## Problem
Give the data below again exactly as written, without its pictures.
───── Recorded data ─────
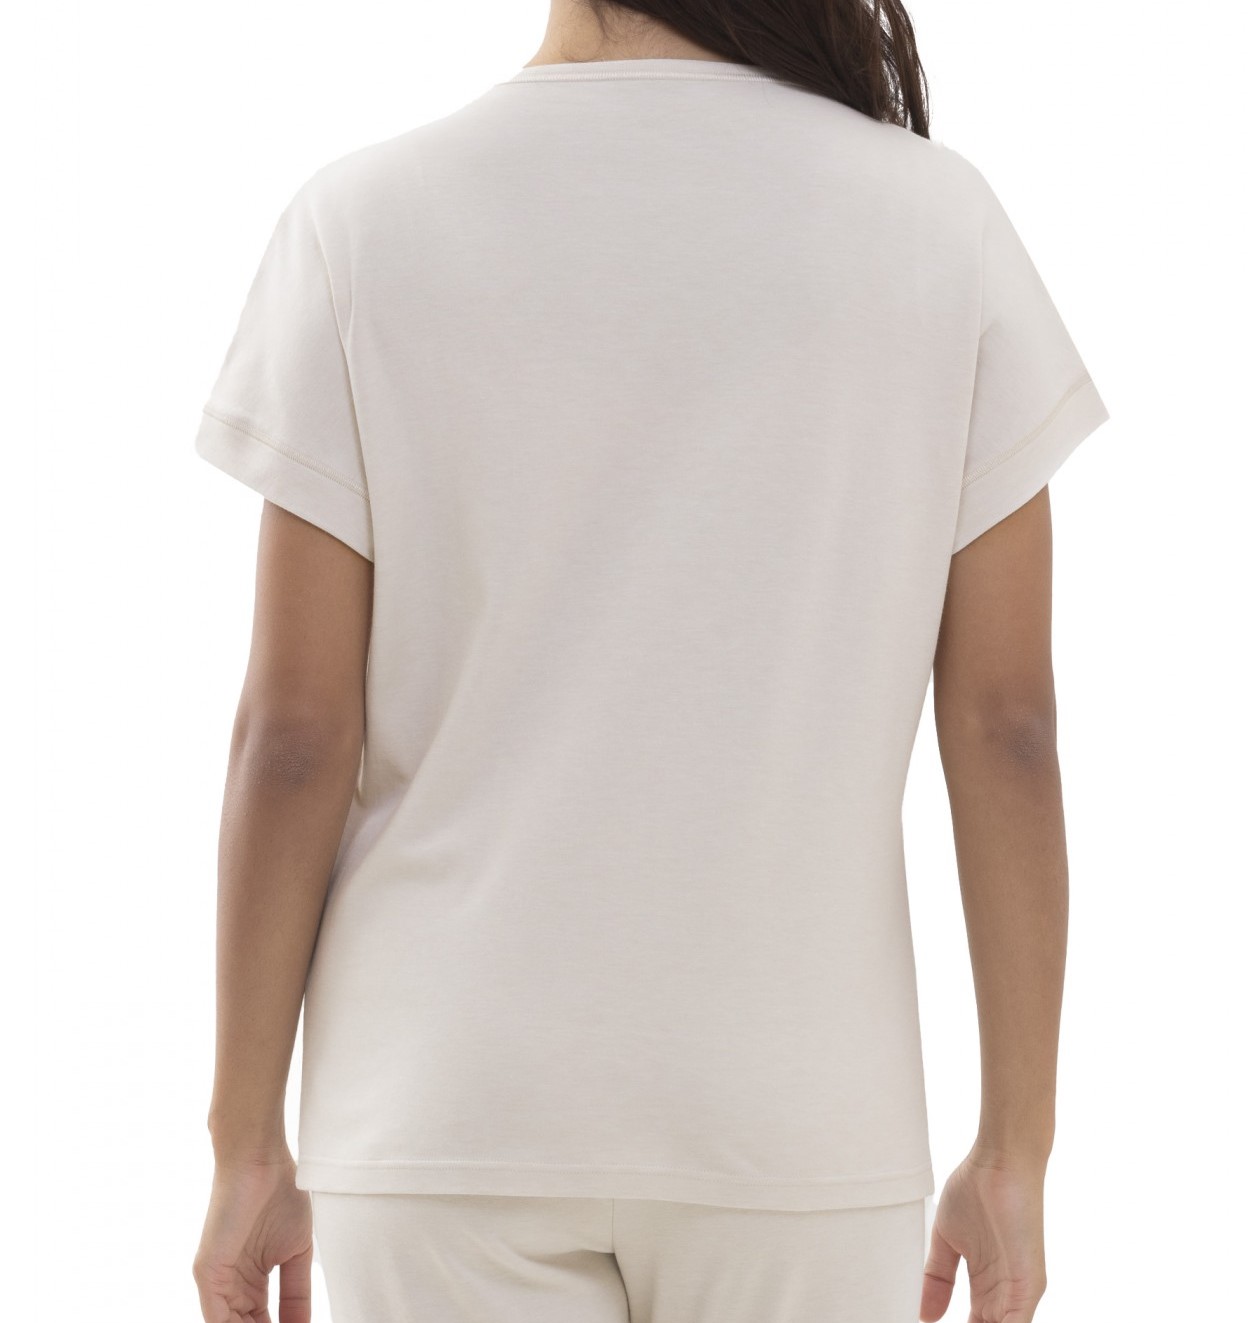 Mey Serie N8TEX 2.0 Damen Shirt kurzarm
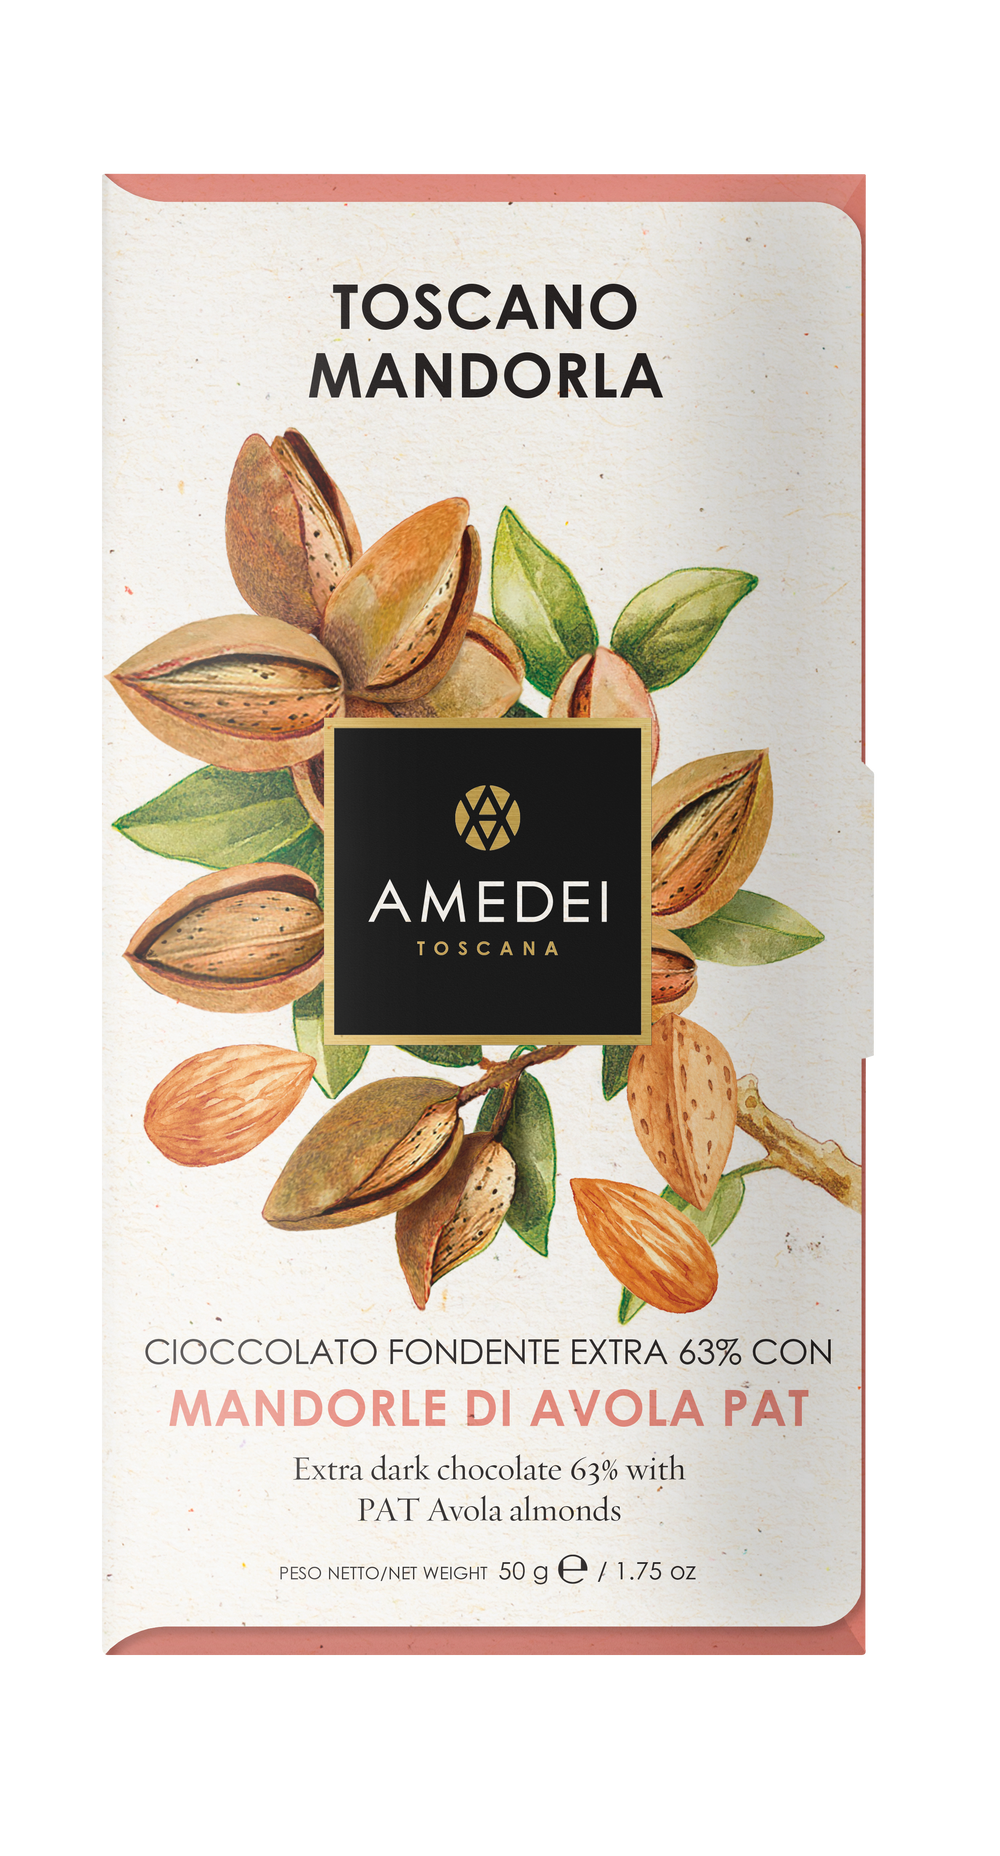 Toscano Mandorla 63% Extra Dark Chocolate with Almonds
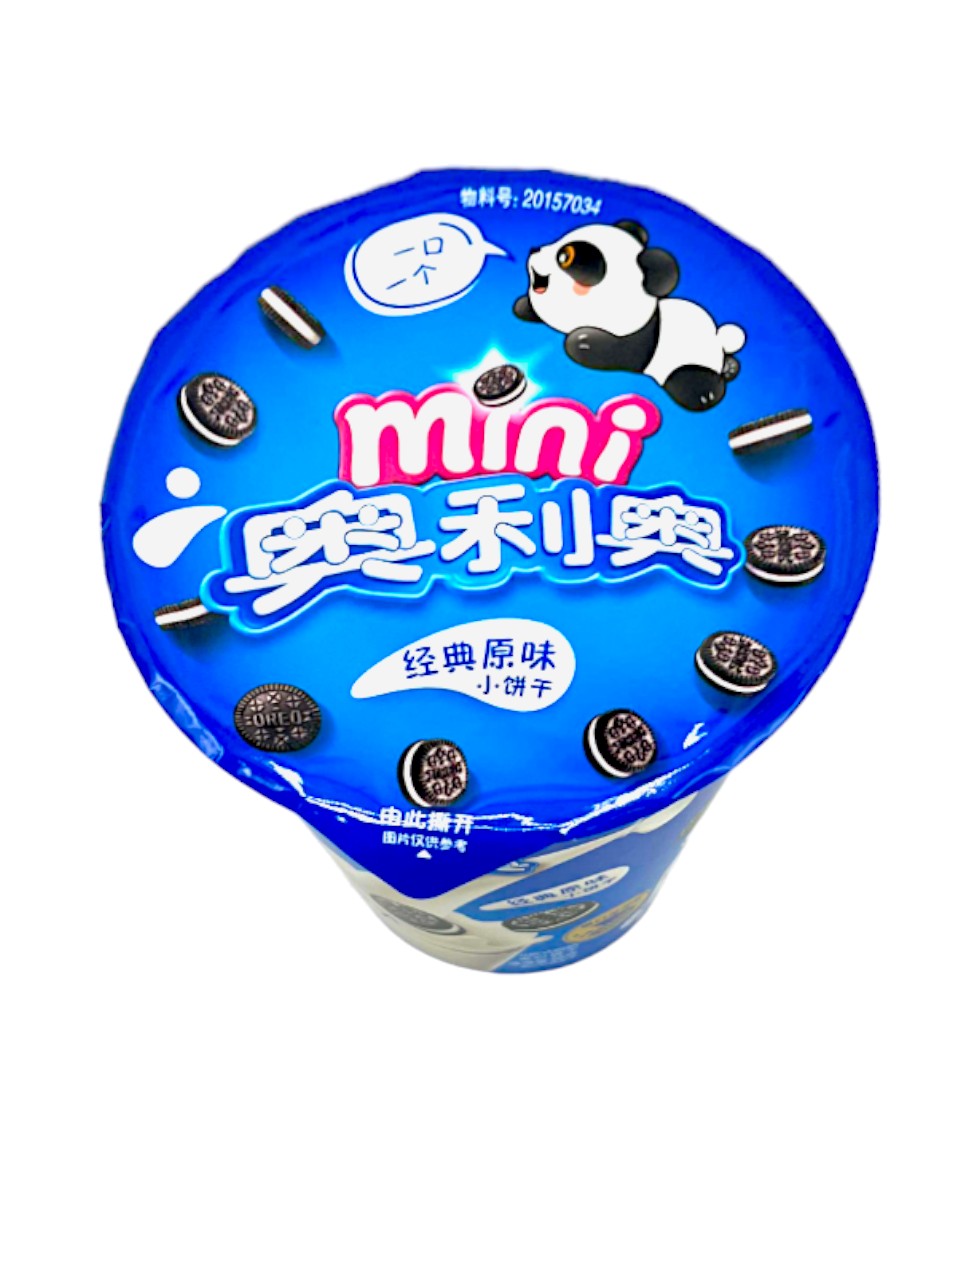 Oreo Mini Biscuit Original 55g (China)
─────
## Finished task
 Mey Serie N8TEX 2.0 Damen Shirt kurzarm
 Toscano Mandorla 63% Extra Dark Chocolate with Almonds
 Oreo Mini Biscuit Original 55g (China)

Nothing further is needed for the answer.